━━━━━ Dataset excerpt

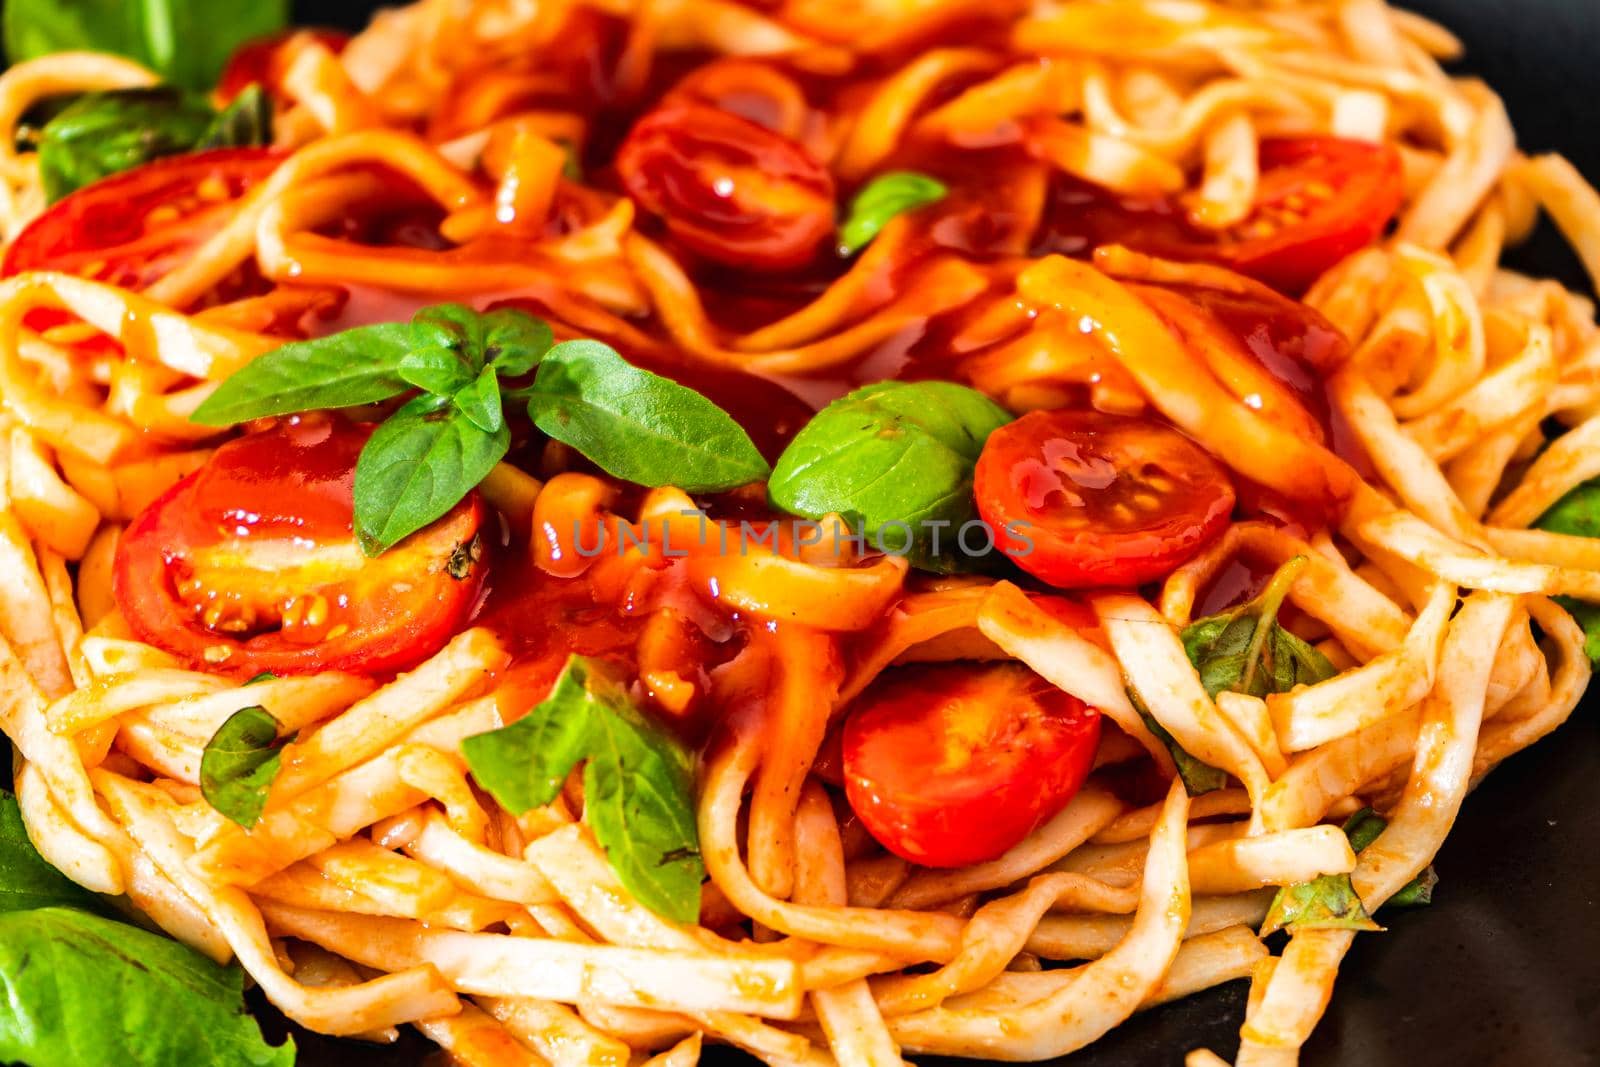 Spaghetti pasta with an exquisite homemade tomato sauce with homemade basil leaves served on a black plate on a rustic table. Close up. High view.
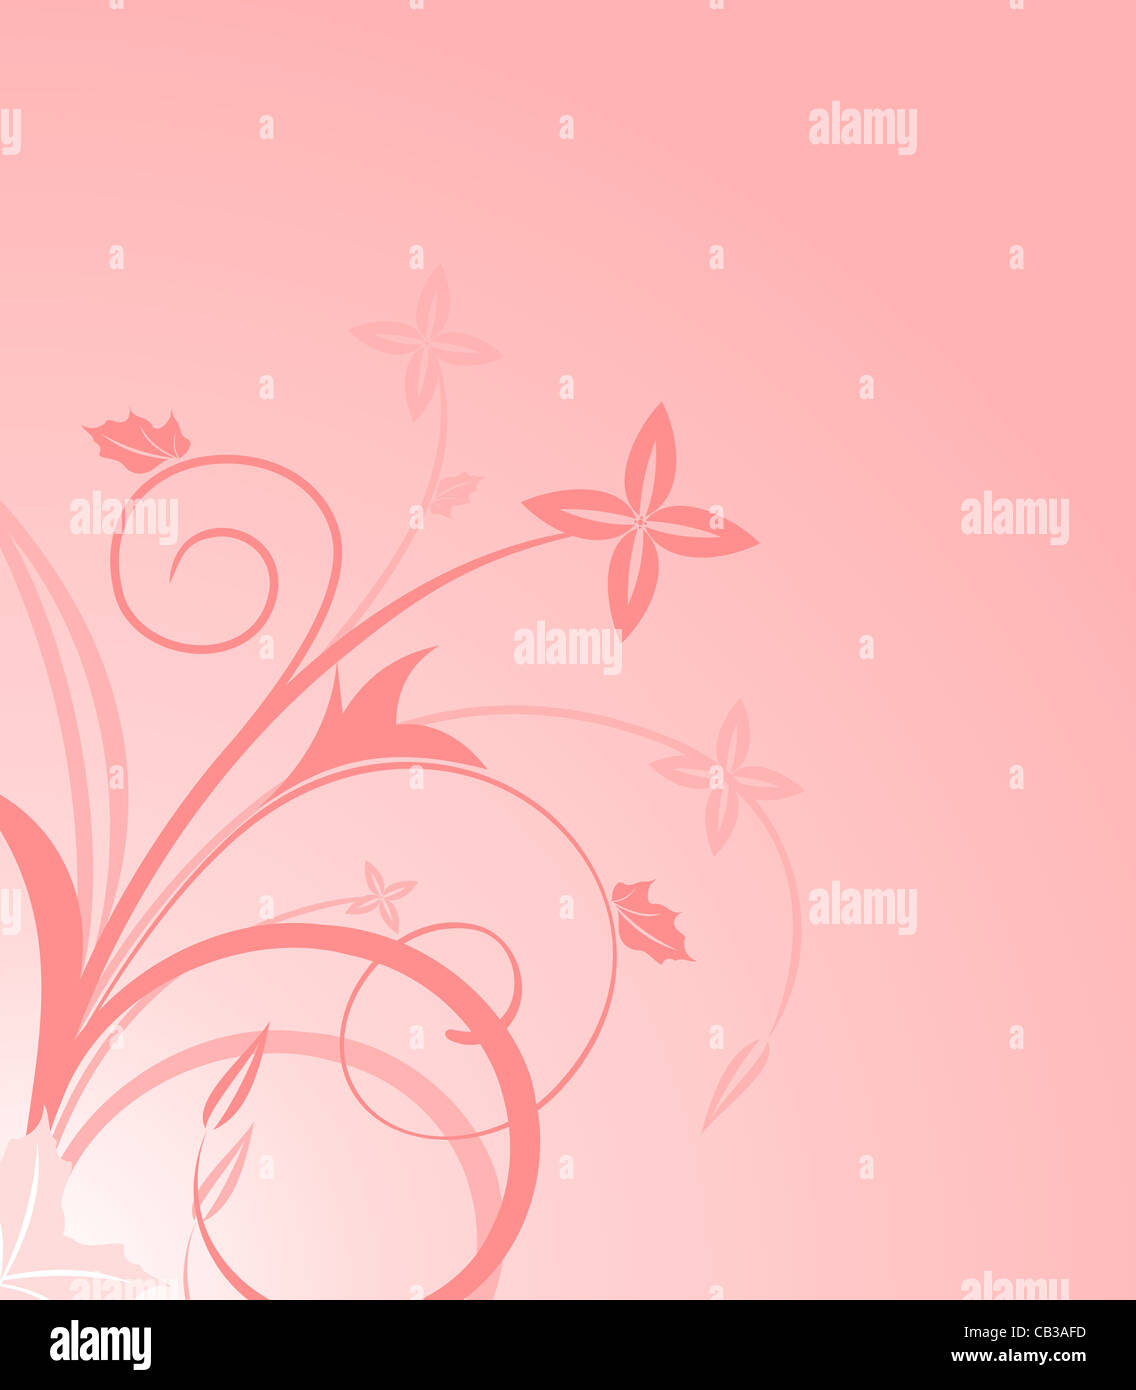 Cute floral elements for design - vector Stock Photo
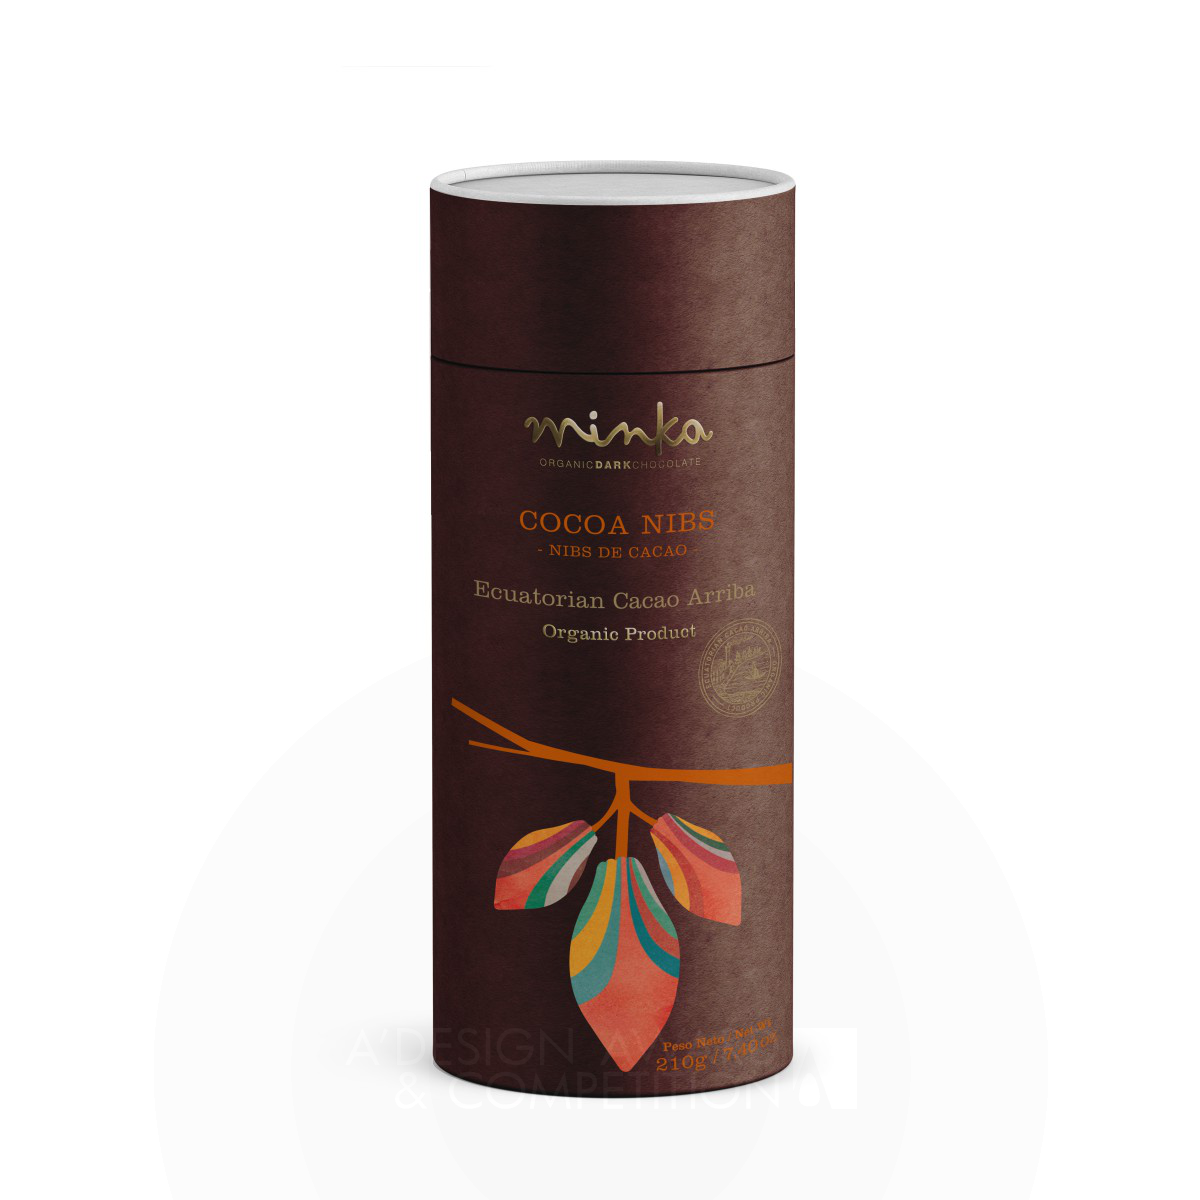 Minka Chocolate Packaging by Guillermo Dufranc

━━━━━━━━━━

■ **Your task**
Take the listing and print it again exactly, but without any pictures.

■ **Task output**
 Spaghetti pasta with an exquisite homemade tomato sauce with homemade basil leaves served on a black plate on a rustic table. Close up. High view.
 Cute floral elements for design - vector Stock Photo
 Minka Chocolate Packaging by Guillermo Dufranc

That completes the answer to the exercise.